WORK INSTRUCTIONS — Reproduce all the lines below exactly and omit the images.

SUPPLIED MATERIAL —
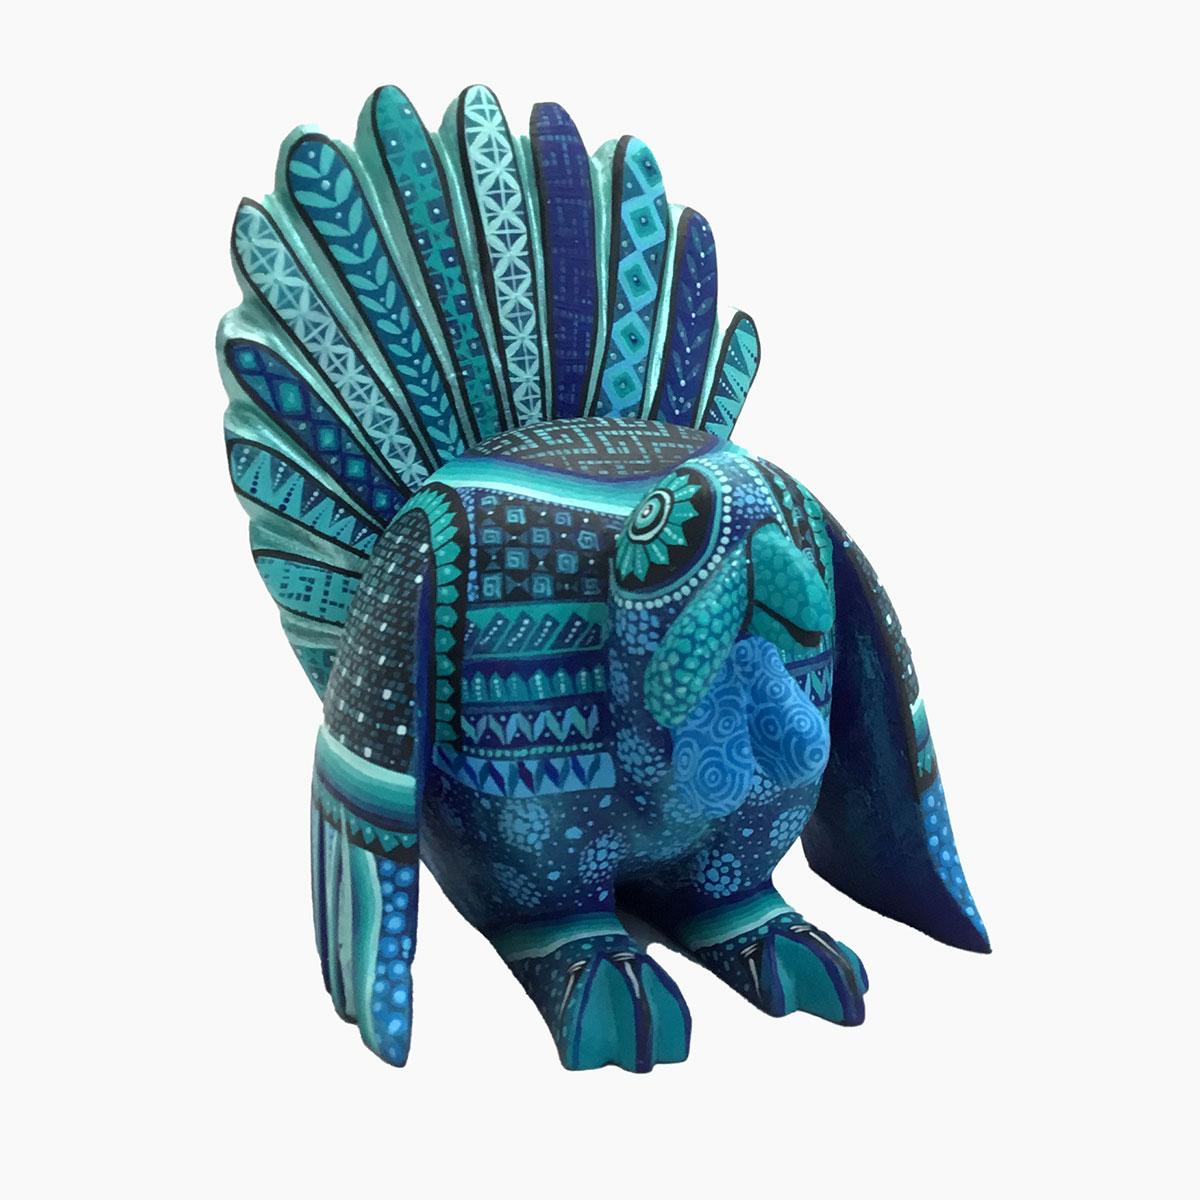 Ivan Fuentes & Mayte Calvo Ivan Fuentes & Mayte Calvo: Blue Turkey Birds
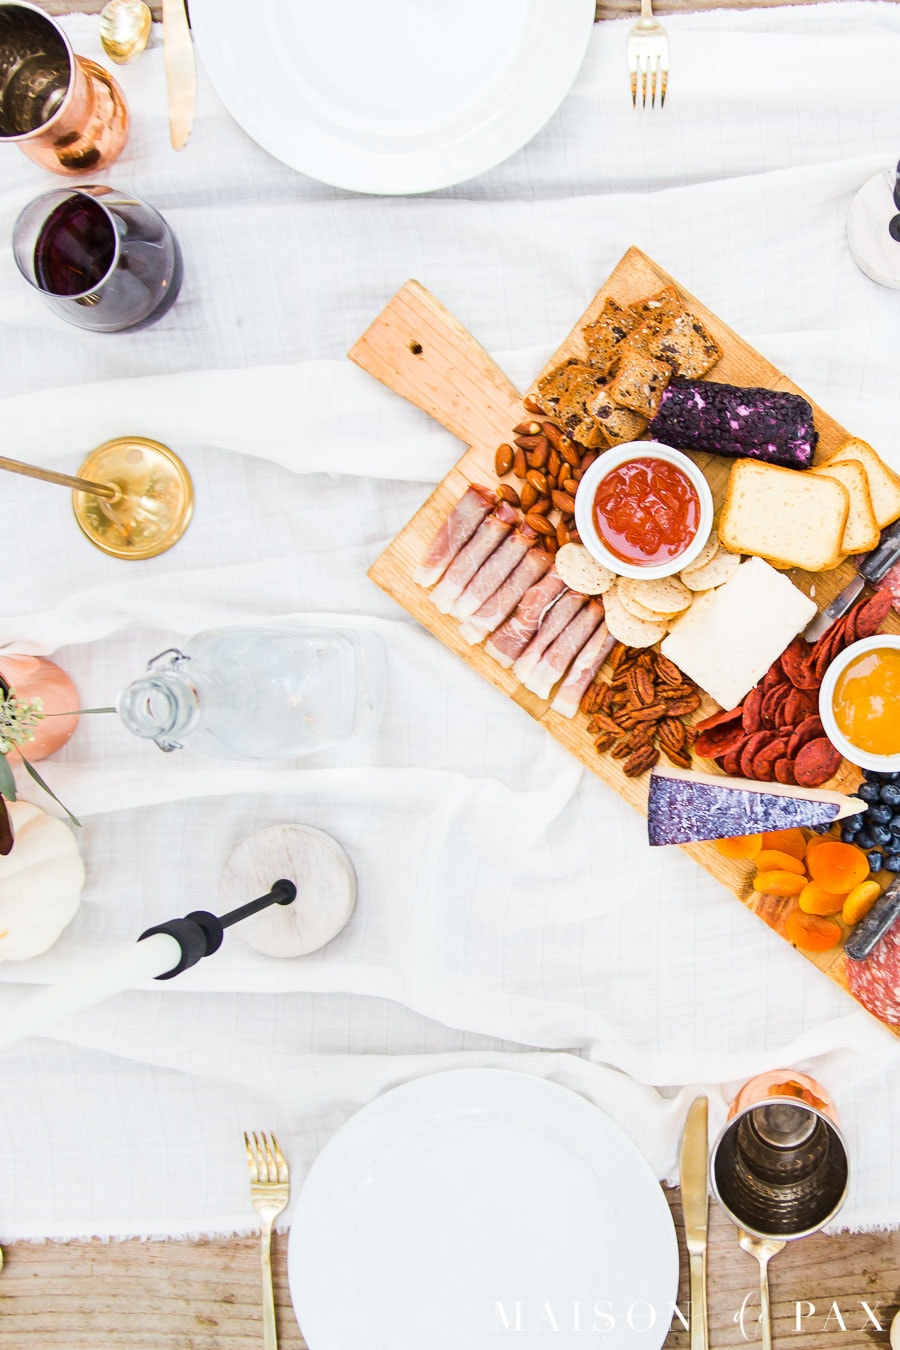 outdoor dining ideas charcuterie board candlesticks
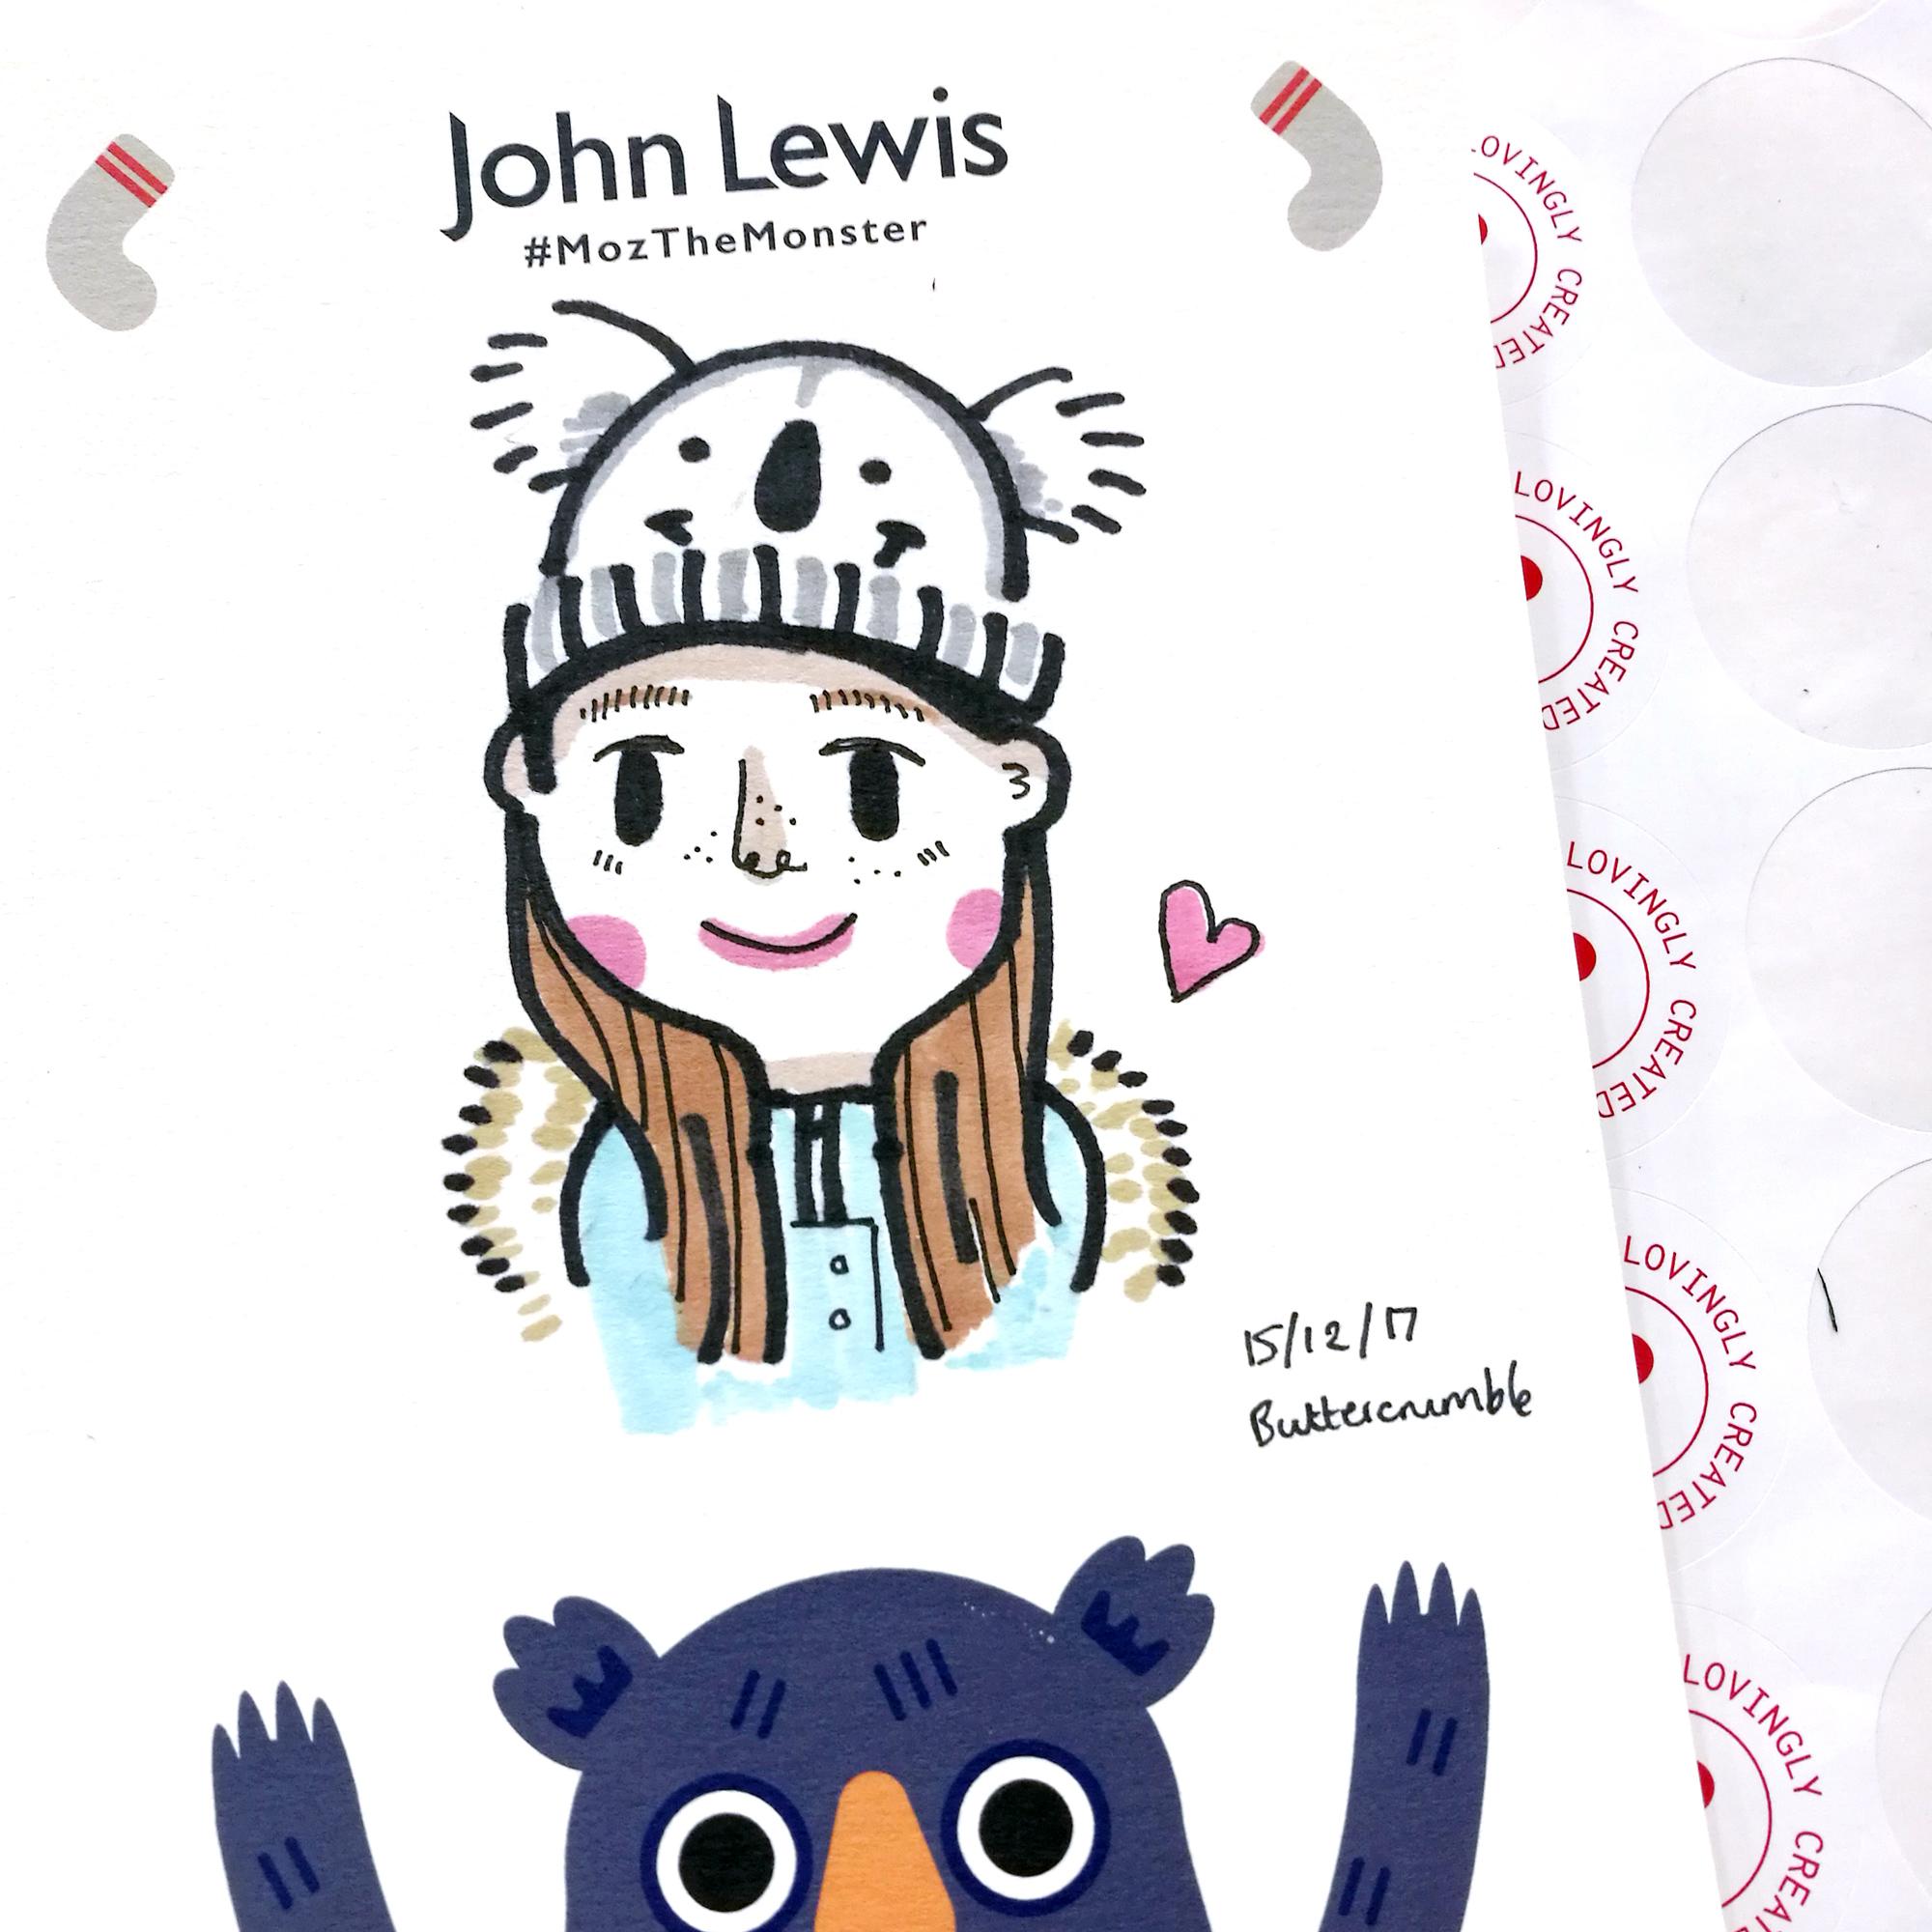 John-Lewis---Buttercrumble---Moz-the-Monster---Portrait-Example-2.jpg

RESULT FOR THIS EXERCISE —
 Ivan Fuentes & Mayte Calvo Ivan Fuentes & Mayte Calvo: Blue Turkey Birds
 outdoor dining ideas charcuterie board candlesticks
 John-Lewis---Buttercrumble---Moz-the-Monster---Portrait-Example-2.jpg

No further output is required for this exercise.